Entonces ¿es preciso ser rico para ofrecer? Por supuesto que no. Son numerosos los pasajes que demuestran la apreciación del Señor para con los que tuvieron a pecho ofrecer a pesar de ser pobres. Ya hemos recordado el ejemplo de los creyentes de Macedonia quienes demostraron una gran liberalidad a pesar de su extrema pobreza. El don de la viuda pobre, quien echó dos blancas en el arca de la ofrenda y dio “de su pobreza”, “todo el sustento que tenía” no pasó desapercibido de los ojos de Aquel que conoce los corazones. Grande será su recompensa (Marcos 12:41-44; Lucas 21:1-4). Lo que cuenta para el Señor no es la importancia del don, sino el estado del corazón de aquel que lo hace. David estaba consciente de eso. Mientras traía a Dios la abundancia de los bienes materiales preparados para la casa que no podía construir, declaró: “Yo sé, Dios mío, que tú escudriñas los corazones, y que la rectitud te agrada” (1 Crónicas 29:2, 17).
Cuando se preparaba el tabernáculo, en Éxodo 35, se pone un acento particular en la disposición de los corazones, en los “corazones voluntarios”. Volveremos sobre esto más adelante. La invitación para ofrecer a Dios se dirige a cada uno en particular, en la medida y en la forma que el ejercicio de fe y de dependencia se haya de manifestar. Joás, un rey fiel de Judá, invitó a los sacerdotes a recibir lo que cada uno de su propia voluntad traía a la casa de Dios, para reparar las grietas (2 Reyes 12:4-5)

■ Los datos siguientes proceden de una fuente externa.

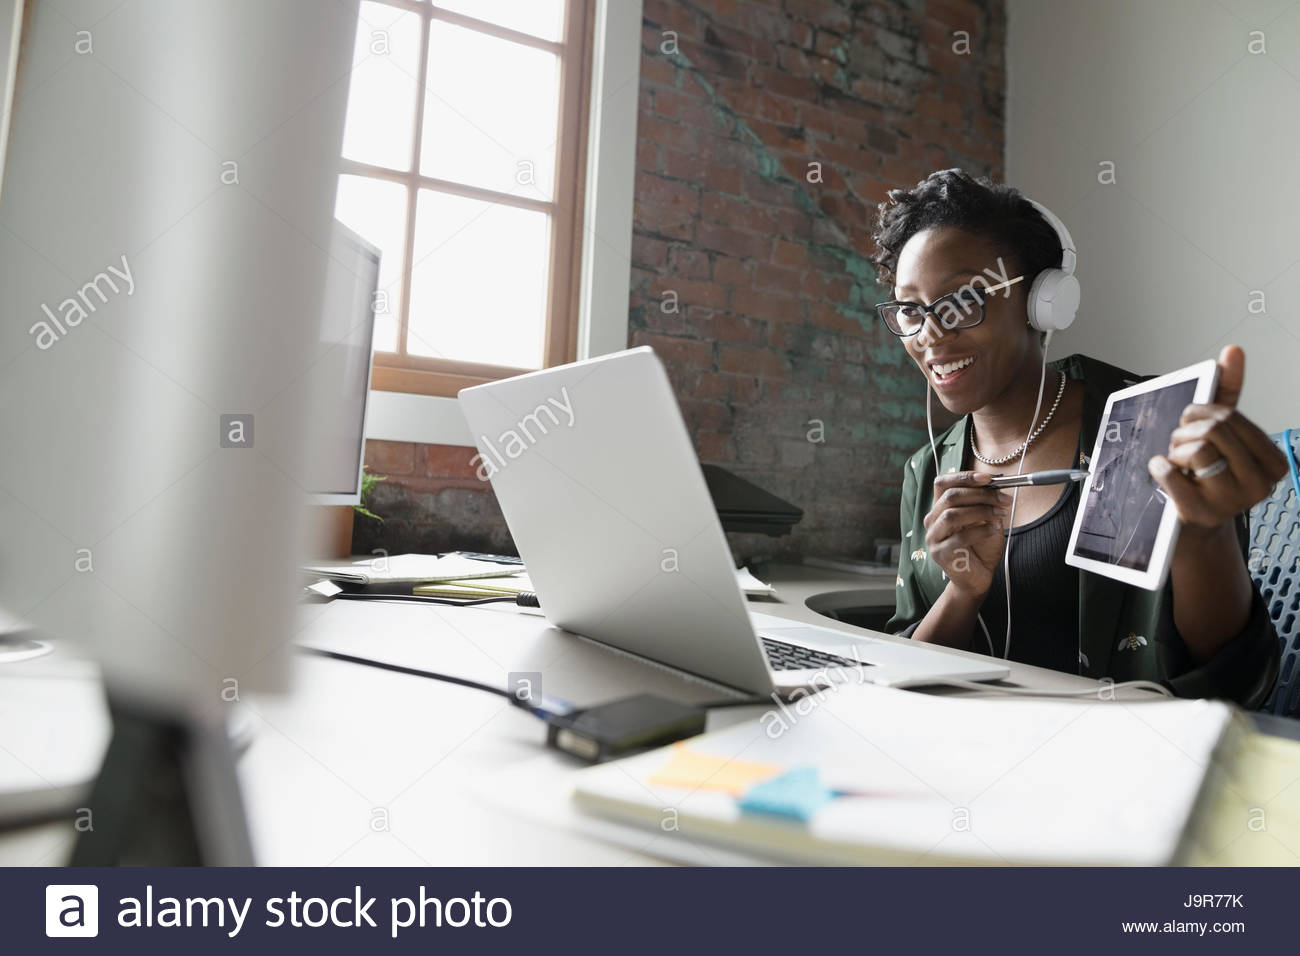 Creative businesswoman Smiling with headphones holding digital tablet et vidéoconférence à laptop in office Banque D'Images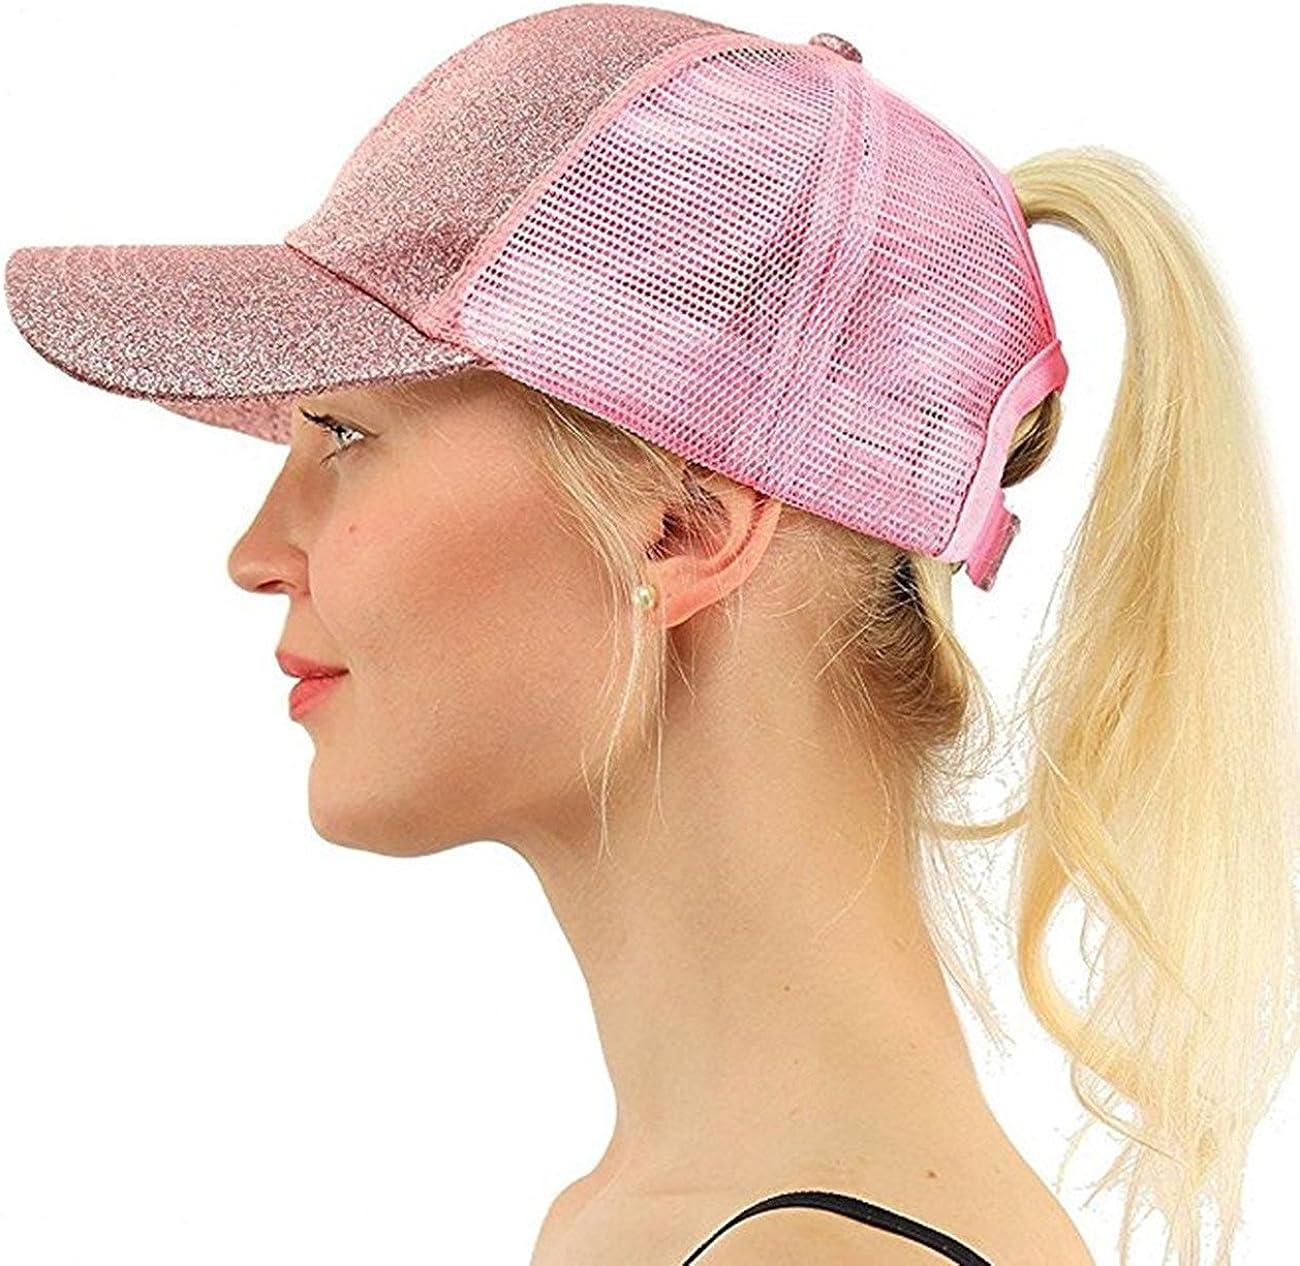 M/_Eshop 2 Pack of Ponytail Baseball Cap Messy High Bun Adjustable Mesh Trucker Sun Hat

El don no debía ser forzado: “Cada uno dé como propuso en su corazón: no con tristeza, ni por necesidad, porque Dios ama al dador alegre” (2 Corintios 9:7).
Traer para la casa de Dios
Todas las veces que se construyó la casa de Dios en el Antiguo Testamento, bajo la ley, las Escrituras se complacen en subrayar el celo de los que colaboraron con diversas ofrendas. Estas ofrendas materiales traducían el valor que tenía para cada uno de ellos la presencia divina en medio de su pueblo. Bajo este aspecto, el capítulo 35 del Éxodo demuestra un celo, una diligencia que nos confunde. Cada lector puede notar el número de veces que se menciona el verbo “traer”. Varias enseñanzas de este capítulo conservan todo su valor para nosotros.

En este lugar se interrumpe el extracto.